Page MenuHomePhabricator

stashbot_______ is now known as stashbot________
Closed, ResolvedPublic

Description

(Can't find a project for stashbot...)

[23:06:25] --> stashbot_ (~stashbot@wikimedia/bot/stashbot) has joined #wikimedia-labs
[23:06:47] <-> stashbot_ is now known as stashbot__
[23:07:17] <-> stashbot__ is now known as stashbot___
[23:07:47] <-> stashbot___ is now known as stashbot____
[23:08:17] <-> stashbot____ is now known as stashbot_____
[23:08:48] <-> stashbot_____ is now known as stashbot______
[23:09:18] <-> stashbot______ is now known as stashbot_______
[23:09:48] <-> stashbot_______ is now known as stashbot________

Event Timeline

20 mins later:

15:30 ⇐ stashbot quit (~stashbot@wikimedia/bot/stashbot) Remote host closed the connection
15:30 stashbot________ → stashbot

[[https://bots.wmflabs.org/~wm-bot/logs/%23wikimedia-operations/20170201.txt|#wikimedia-operations]]:

[07:13:30] <akosiaris>	 !log restart thumbor process on thumbor1001, thumbor1002, apply a different LimitNOFILE on thumbo1002
[07:13:33] <stashbot________>	 Failed to log message to wiki.
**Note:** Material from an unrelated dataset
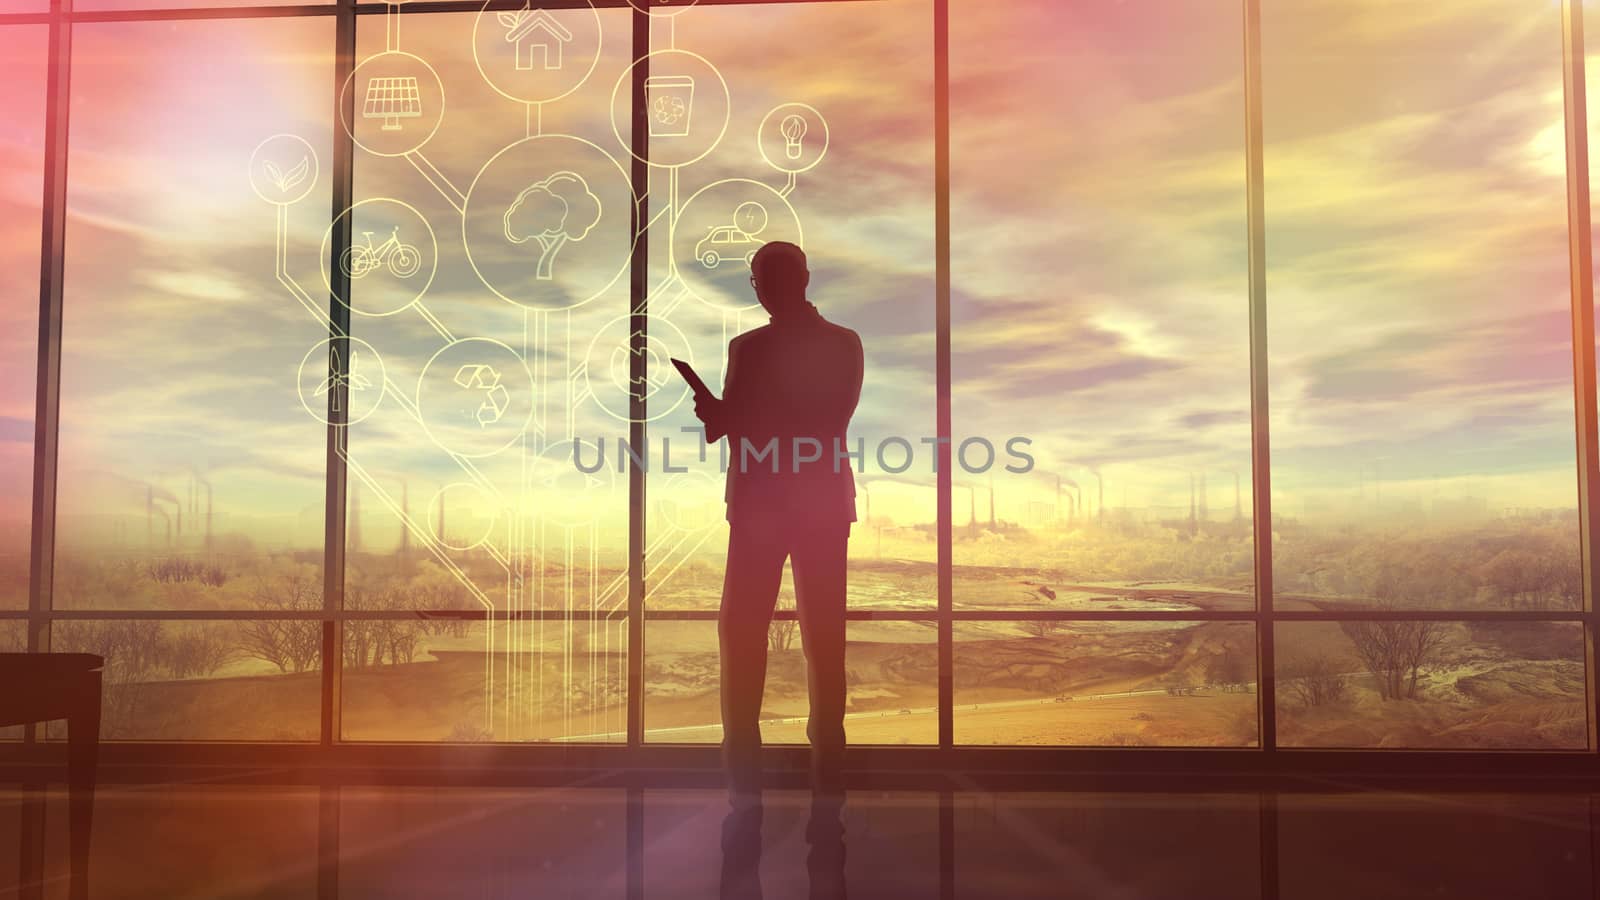 Improve the environmental situation, the silhouette of a man in the office by ConceptCafe

Somebody should check the error logs.
[07:13:34] <stashbot>	 Logged the message at https://wikitech.wikimedia.org/wiki/Server_Admin_Log
[07:13:53] <akosiaris>	 ETOOMANYSTASHBOTS
[07:14:00] <akosiaris>	 will deal with that later though

Maybe @akosiaris dealt with it?

Nope, not really, I did notice the quit and proper renaming and let it be.

Ugh. I thought I had fixed the infinite _ bug. It happens when auth to freenode isn't working and sometimes is related to k8s deciding to run two pods at the same time.

Ugh. I thought I had fixed the infinite _ bug. It happens when auth to freenode isn't working and sometimes is related to k8s deciding to run two pods at the same time.

It is quite possibly related to kubernetes this time around as well. Around the time of the issue there were alerts in #wikimedia-operations

07:03:38 icinga-wm: PROBLEM - All k8s worker nodes are healthy on checker.tools.wmflabs.org is CRITICAL: HTTP CRITICAL: HTTP/1.1 503 SERVICE UNAVAILABLE - string OK not found on http://checker.tools.wmflabs.org:80/k8s/nodes/ready - 185 bytes in 0.162 second response time

recovering some 27 mins later

07:30:38 icinga-wm: RECOVERY - All k8s worker nodes are healthy on checker.tools.wmflabs.org is OK: HTTP OK: HTTP/1.1 200 OK - 166 bytes in 0.131 second response time

and stashbot quiting a few seconds before icinga announcing the recovery

07:30:17 stashbot left the room (quit: Remote host closed the connection).
07:30:27 stashbot________ is now known as stashbot

Unfortunately, due to the thumbor issue at the time, never took a chance to look at it.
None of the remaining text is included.